Praduga

6.6K 935 35
                                    

"Ini kan arah ke rumah ayah, Mas. Memang Mas Wibi masih mau singgah ke sana?" tanyaku setelah sekira tiga jam kami putar-putar keliling Jakarta. Nggak sepenuhnya muter, sih, sempat makan bakso sebentar tadi. Iya, bakso, bukan steak di kafe-kafe. Tahu, kan, selera kami masih selera ndeso.

"He em. Ayah minta kita nginap," sahutnya enteng.

"Lho, kan aku nggak bawa baju ganti," elakku. "Nggak, ah, aku balik saja ke kos," lanjutku.

"Nggak bisa, Dek. Ingat kan, yang tadi Mas bilang."

"Yang mana?"

"Yang sejauh-jauh seorang anak pergi, rumah adalah tempat kembalinya."
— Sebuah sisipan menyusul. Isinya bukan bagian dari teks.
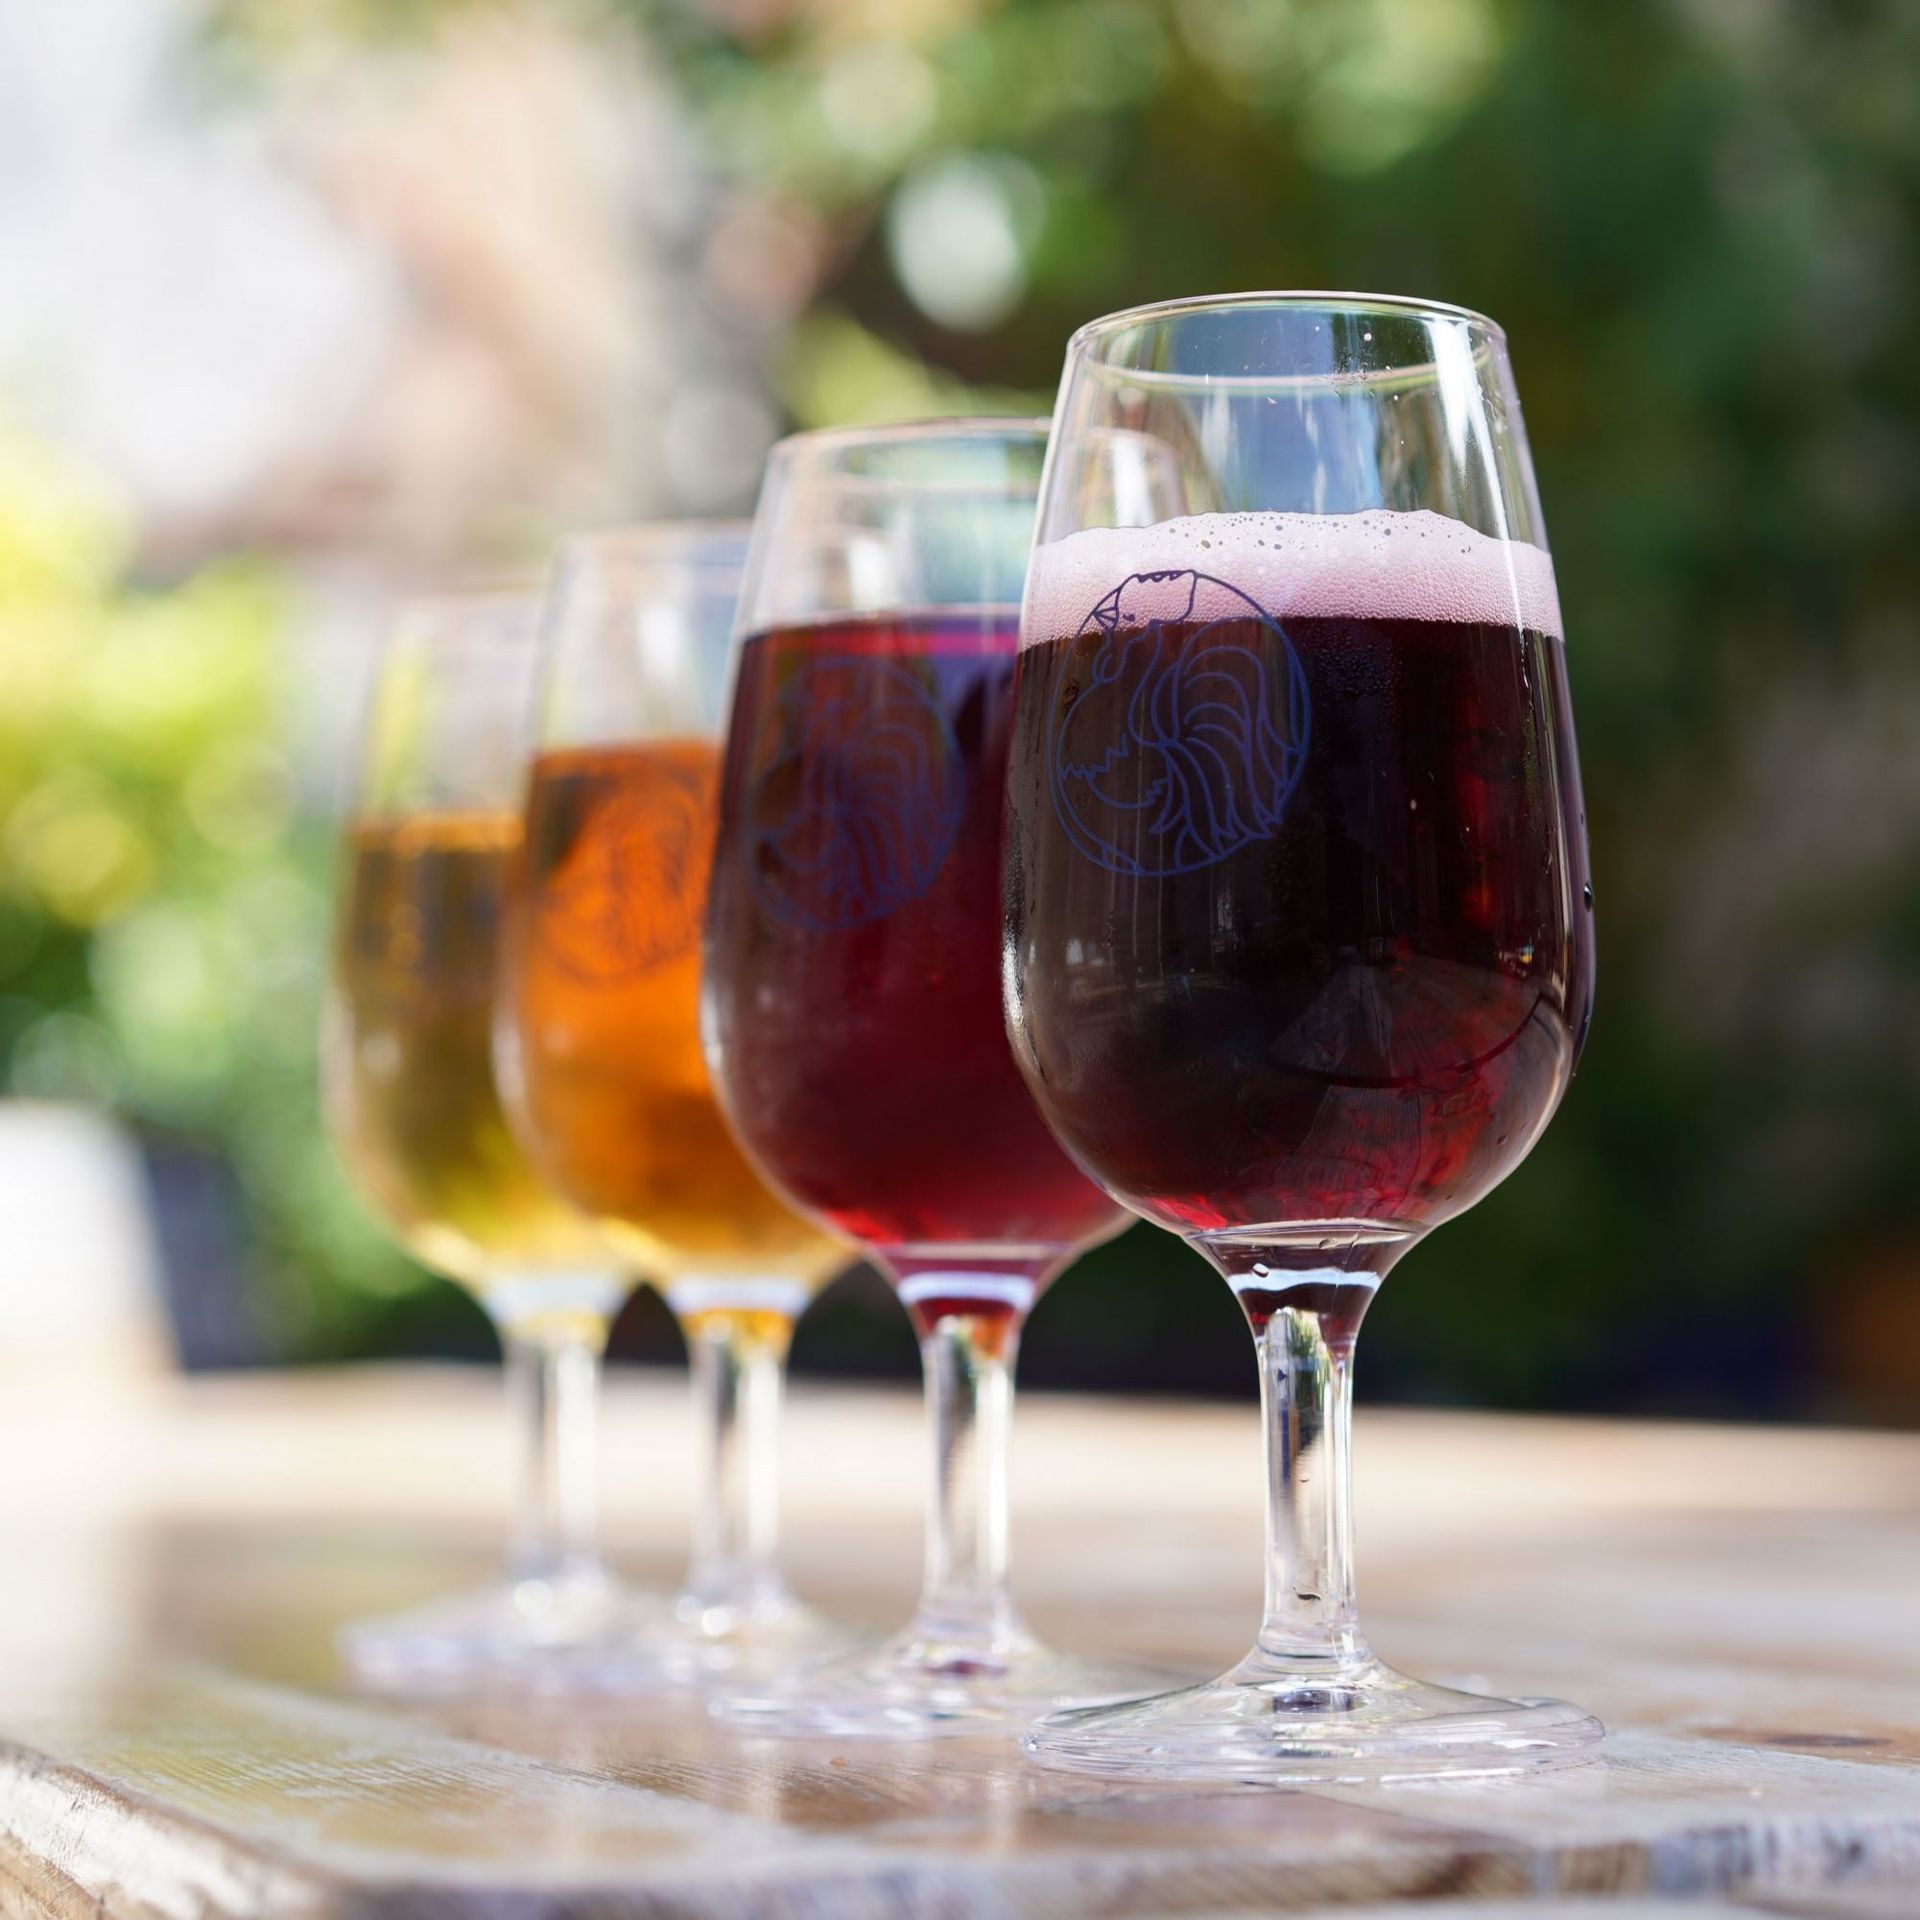 La vière, cette nouvelle boisson hybride entre la bière et le vin

Aku diam. Tadi dia memang sempat bilang begitu ketika kami sedang makan.

"Tapi kan ...."

"Nggak bawa baju ganti? Tenang saja, itu rumahmu. Lemarimu masih penuh dengan baju yang kamu butuhkan."

"Besok aku masih butuh kerja, Mas."

Dia tertawa. "Siapa tadi yang bilang kalau semua jobnya minggu ini sudah beres? Lagian, job terbesarmu sudah menunggu, Dek."

"Apa?"

"Jadi fotografernya Laras sama Prahara kan, nanti Jumat malam."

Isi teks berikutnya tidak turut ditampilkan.